*** Opening of RAW DATA ***

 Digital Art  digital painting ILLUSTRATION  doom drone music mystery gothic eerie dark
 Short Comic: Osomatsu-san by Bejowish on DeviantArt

*** Close of RAW DATA ***
*** Opening of RAW DATA ***

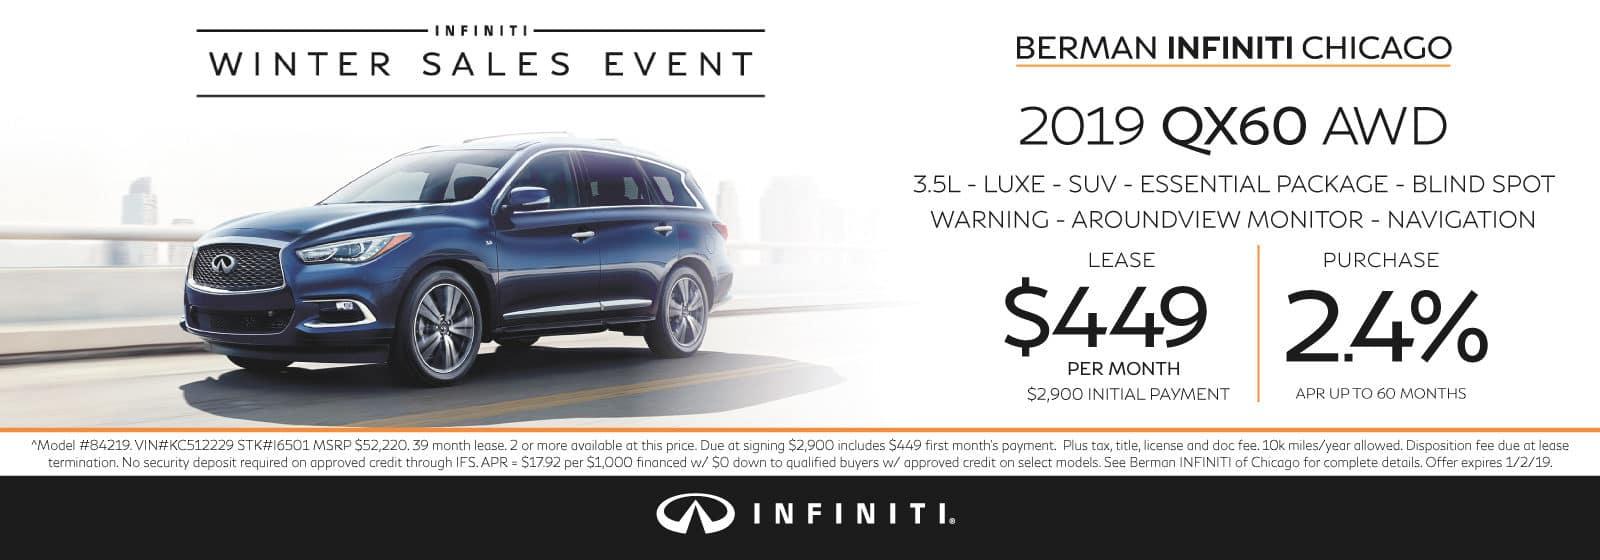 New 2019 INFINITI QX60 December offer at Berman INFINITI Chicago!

*** Close of RAW DATA ***
*** Opening of RAW DATA ***

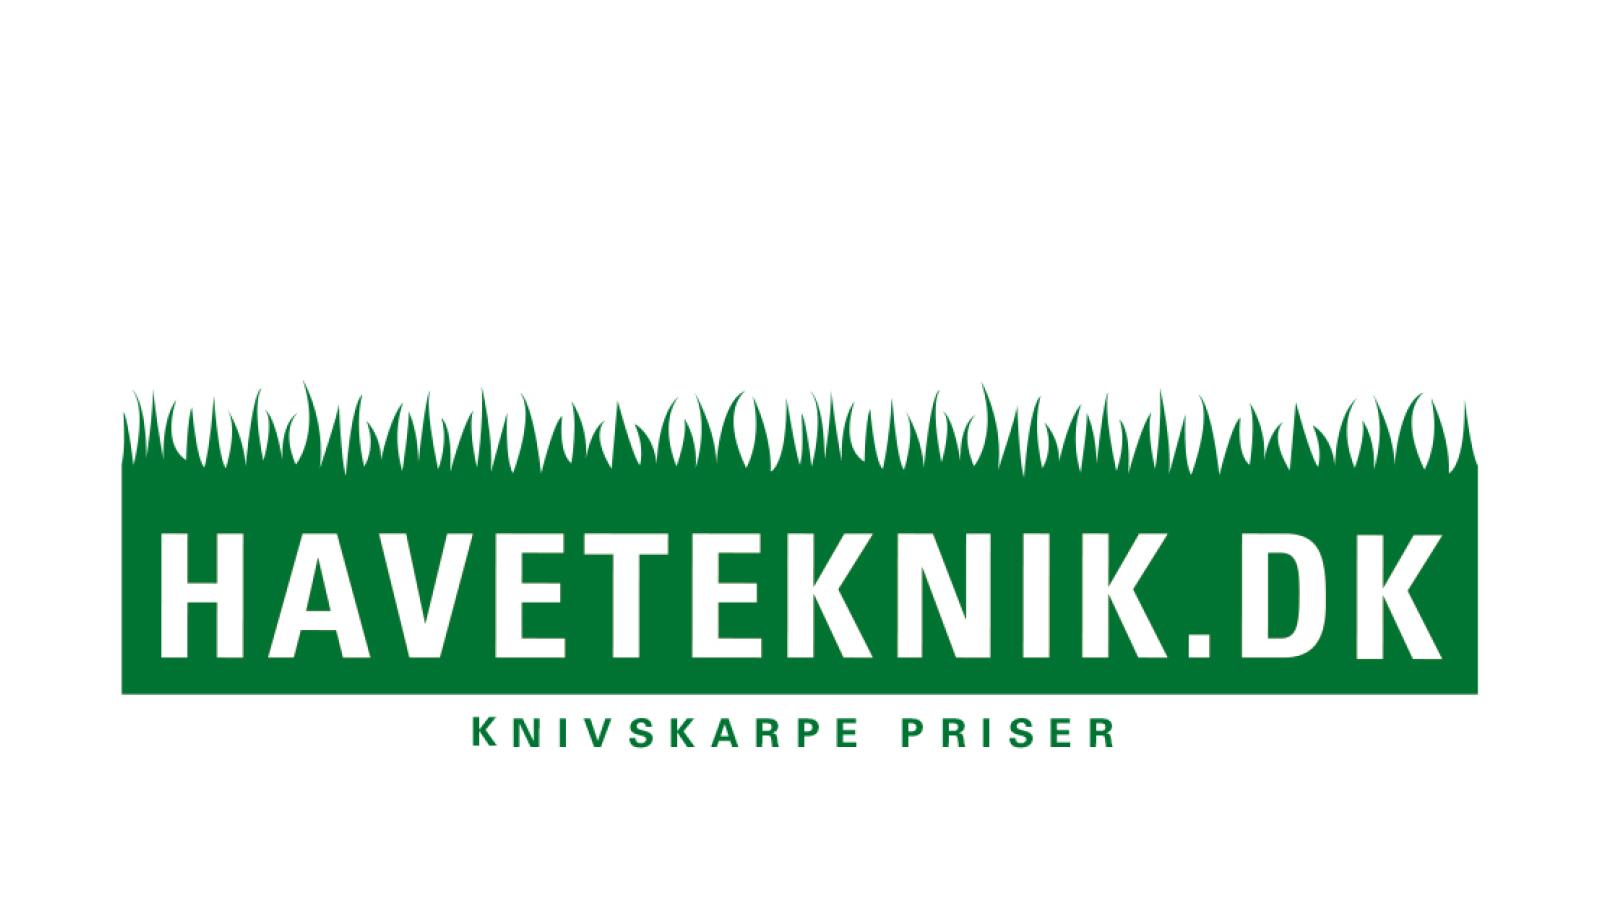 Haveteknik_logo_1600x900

*** Close of RAW DATA ***

- WORK ORDER -
The lines to extract from the data above begin with the line containing "gothic eerie dark" and end with the line containing "Short Comic: Osomatsu-san". Extract them exactly, including both.

- RESULT FOR THIS EXERCISE -
 Digital Art  digital painting ILLUSTRATION  doom drone music mystery gothic eerie dark
 Short Comic: Osomatsu-san by Bejowish on DeviantArt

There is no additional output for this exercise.